- Directed by: Aleksandr Mitta Kenji Yoshida
- Written by: Tasiuki Kasikura Aleksandr Mitta Edvard Radzinsky
- Starring: Komaki Kurihara Oleg Vidov Makoto Satō Ivan Dykhovichny Valentin Gaft Oleg Yefremov
- Cinematography: Vladimir Nakhabtsev
- Edited by: N. Veselovskaya
- Music by: Boris Chaikovsky
- Production companies: Mosfilm Toho
- Release date: 1974;
- Running time: 95 minutes
- Countries: Soviet Union, Japan
- Languages: Russian, Japanese

= Moscow, My Love =

Moscow, My Love (Москва, любовь моя, モスクワわが愛) is a 1974 Soviet-Japanese romantic drama directed by Aleksandr Mitta and Kenji Yoshida.
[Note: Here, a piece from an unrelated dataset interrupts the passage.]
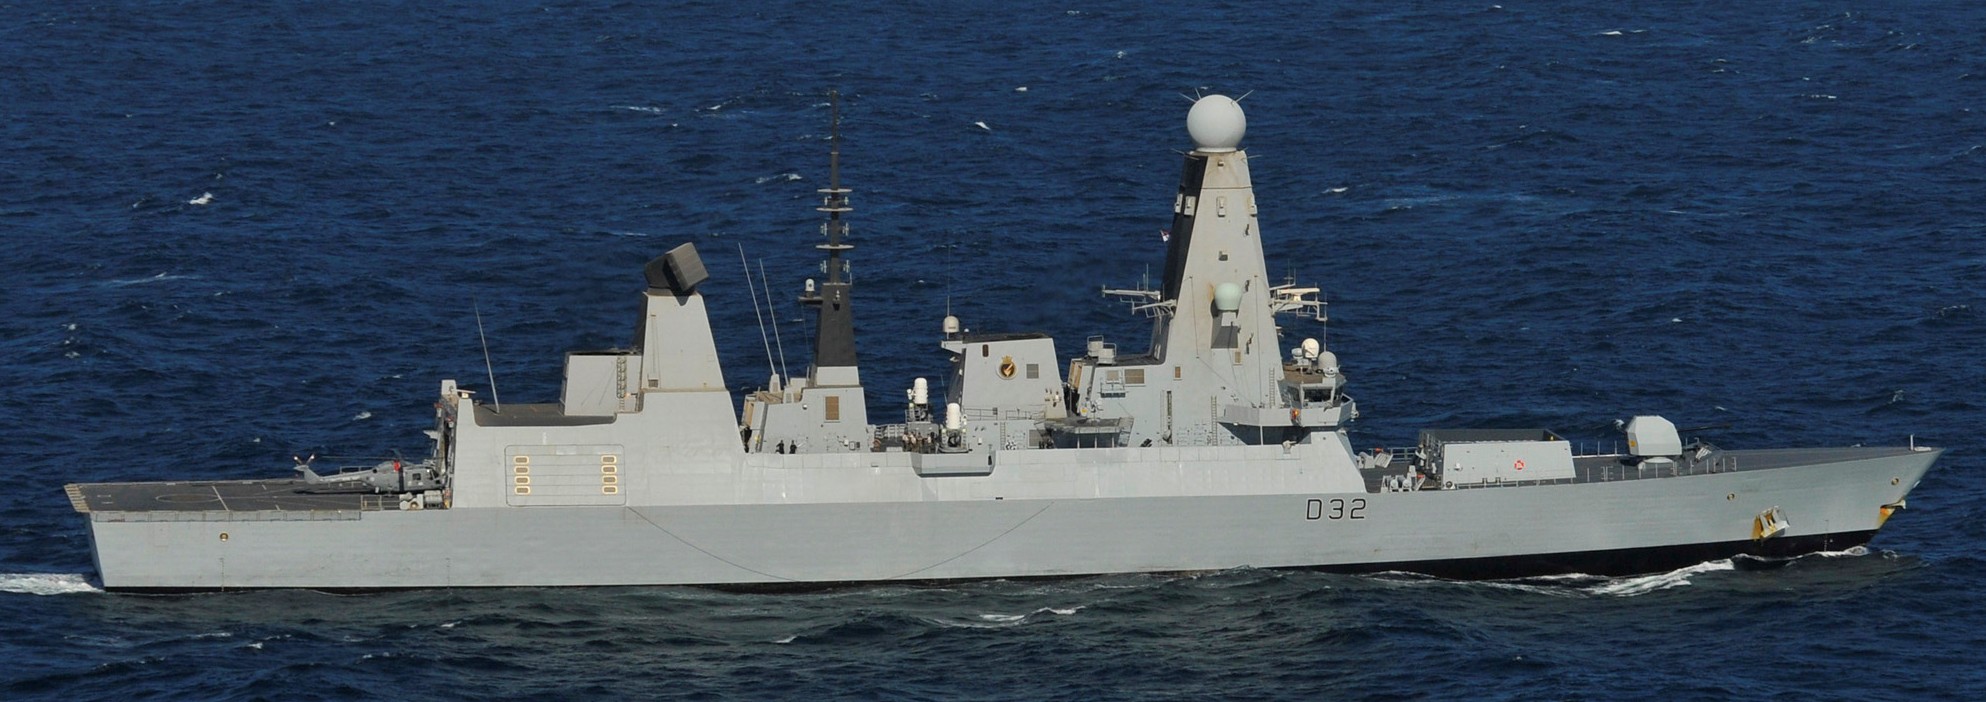 hms daring d-32 type 45 class guided missile destroyer royal navy sea viper paams 13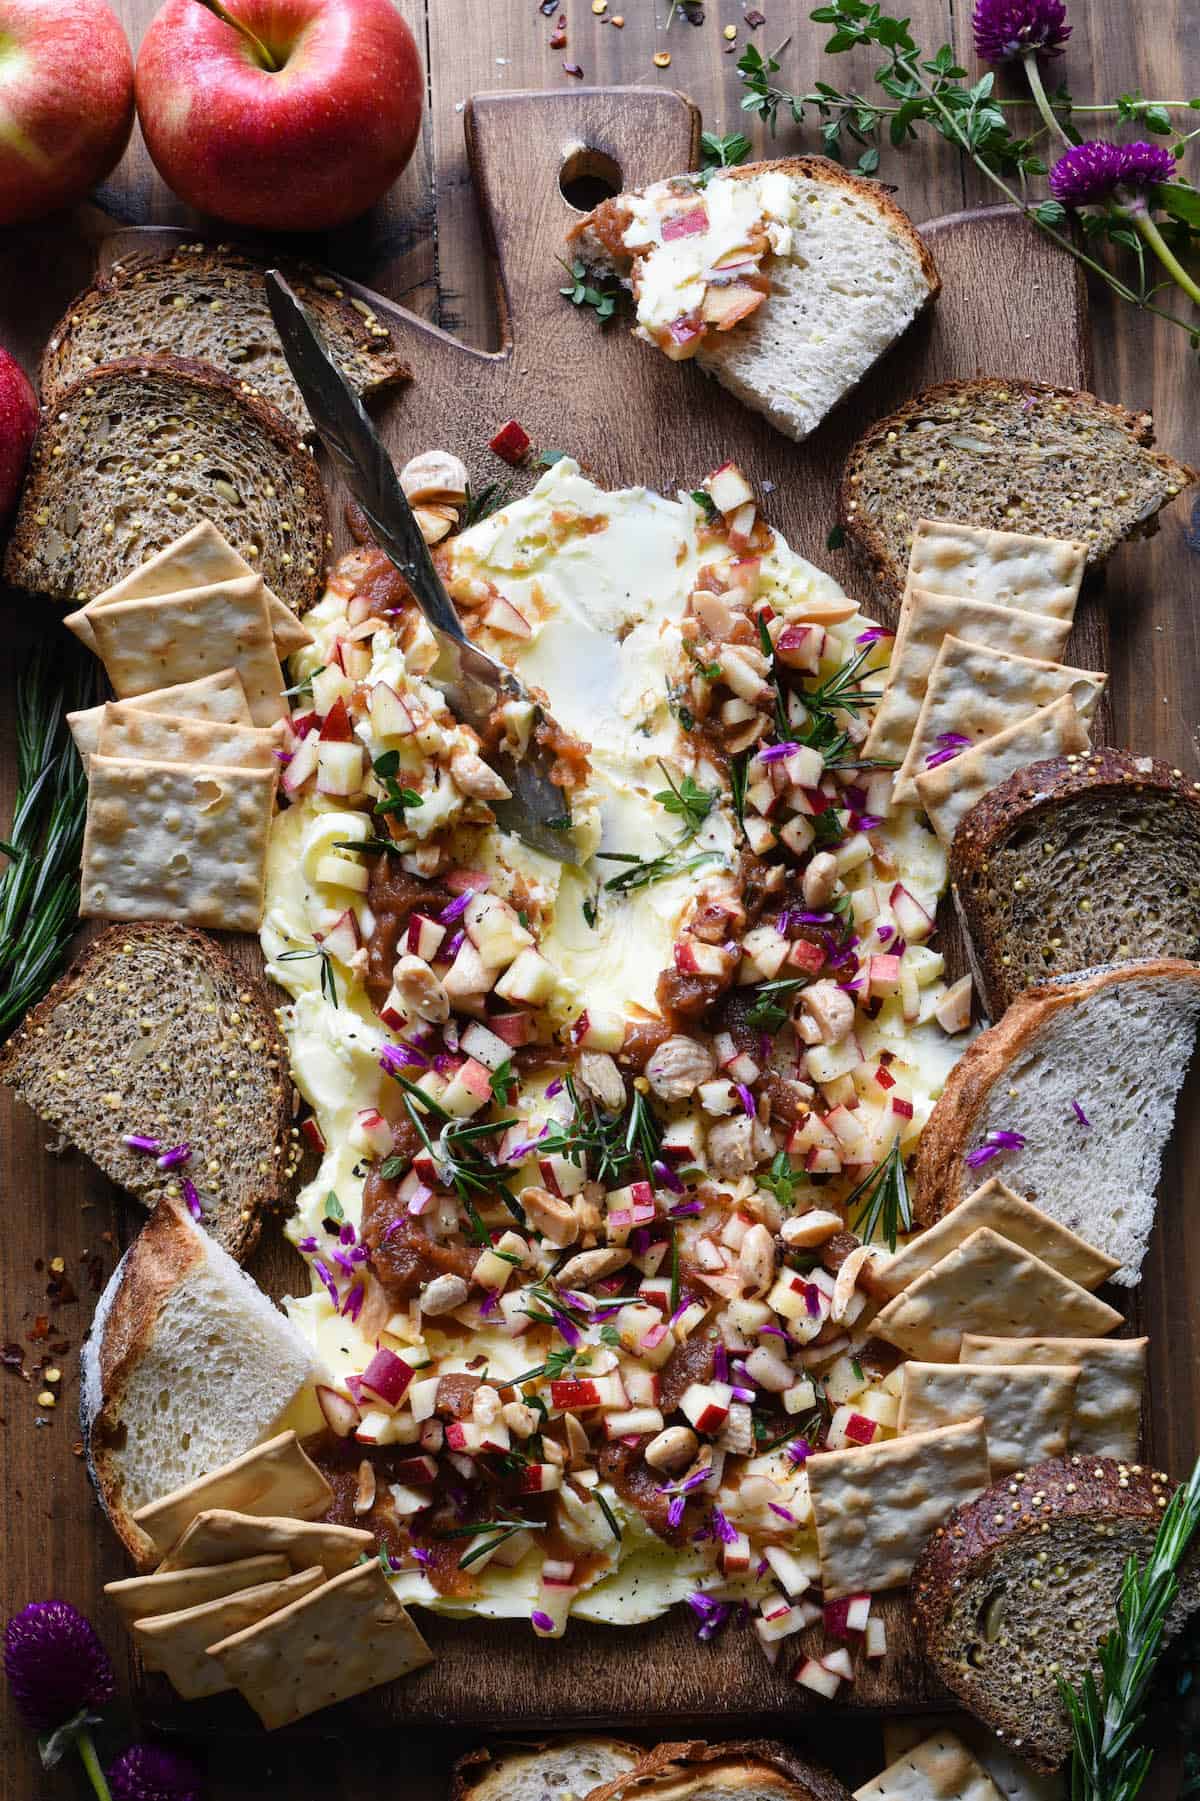 An Autumn Butter Board topped with delicious fall ingredients like apple butter, herbs and nuts.

The film tells the story of Yuriko, a girl from Hiroshima who comes to Moscow to study ballet. The film's title is a reference to the Alain Resnais film Hiroshima My Love.

==Plot==
Yuriko Ono is a young promising dancer in Japan. Yuriko's opportunity to become a professional dancer comes when she is invited to Moscow to study ballet at the Bolshoi Theatre.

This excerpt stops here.